In a previous post I talked about an exception to the general rule that you should expand acronyms: sometimes what the acronym expands to is a clear joke made up after the fact. This is an instance of a more general principle: you should provide, via citations, information the reader needs to know or stands to benefit from. To that point, nobody has ever really cared about the mere fact that you “used R (R Core Team 2021)”. It’s usually not relevant. R is one of hundreds of Turing-complete programming environments, and most of the things it can do can be done in any other language.

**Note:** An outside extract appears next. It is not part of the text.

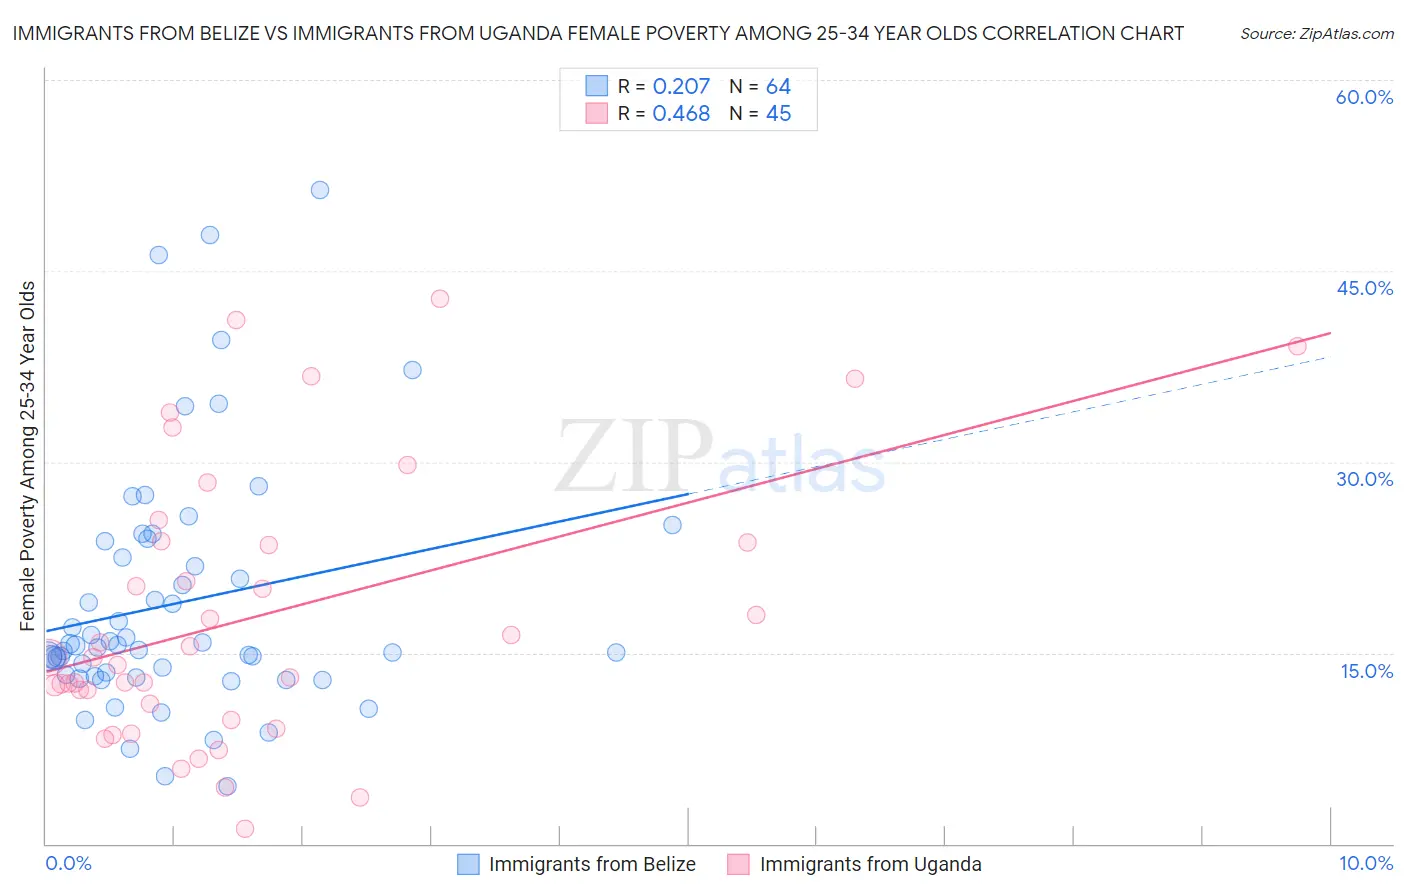 Immigrants from Belize vs Immigrants from Uganda Female Poverty Among 25-34 Year Olds
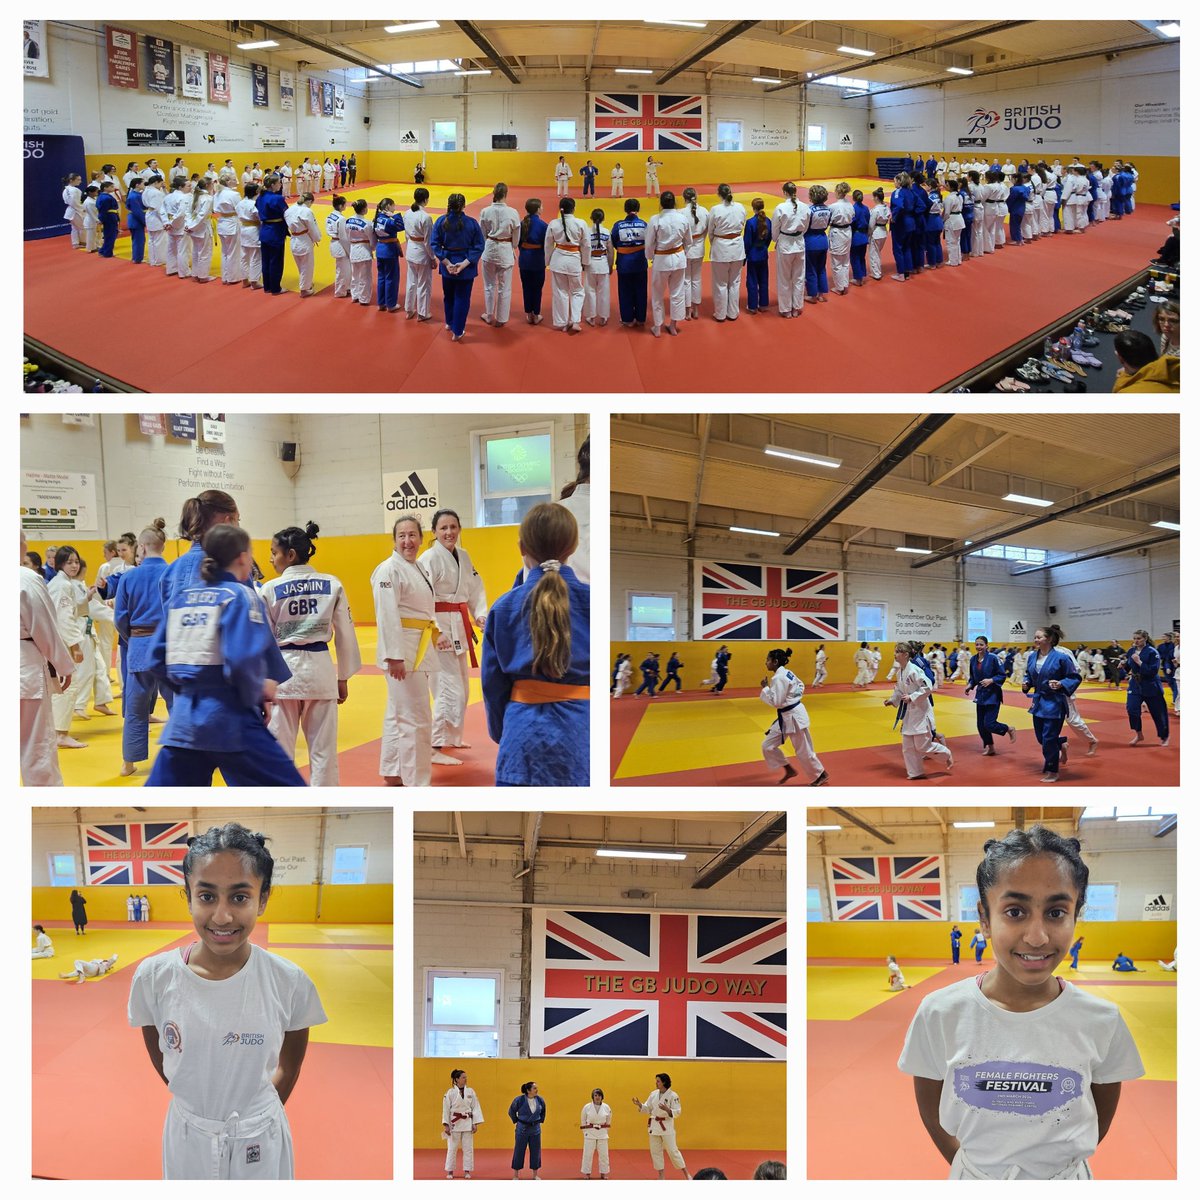 The Fighting Female Festival is underway and the girls have a packed day ahead of them! This is our 3rd time attending since @BritishJudo started this amazing event. Glad to swap the original (and well used) t-shirt for a new one👕🥋🇬🇧🏴󠁧󠁢󠁷󠁬󠁳󠁿 @SamuraiJudoWAL #FFF #ThisGirlCan

Your work almost surely can be replicated in other environments. It might be interesting to mention this if a major point of your paper is that wrote, say, a new open-source software package for R: there the reader needs to know what platform this library targets. But otherwise it’s just cruft.

Isaacson and Lewis

It’s amusing to me that Walter Isaacson and Michael Lewis—who happened to go to the same elite private high school in New Orleans, just a few years apart—are finally having their oeuvres as favorable stenographers for the rich and powerful reassessed more or less simultaneously. Isaacson clearly met his match with Elon Musk, a deeply incurious abuser who gave Isaacson quite minimal access; Lewis does seem to be one of a handful of people who actually believed in that ethical altruism nonsense Sam Bankman-Fried was  cooking up. Good riddance, I say.

Myths about writing systems

In collaboration with Richard Sproat, I just published a short position paper on “myths about writing systems” in NLP to appear in the proceedings for CAWL, the ACL Workshop on Computation and Writing Systems. I think it will be most of all useful to reviewers and editors who need a resource to combat nonsense like Persian is a right-to-left language and want to suggest a correction. Take a look here.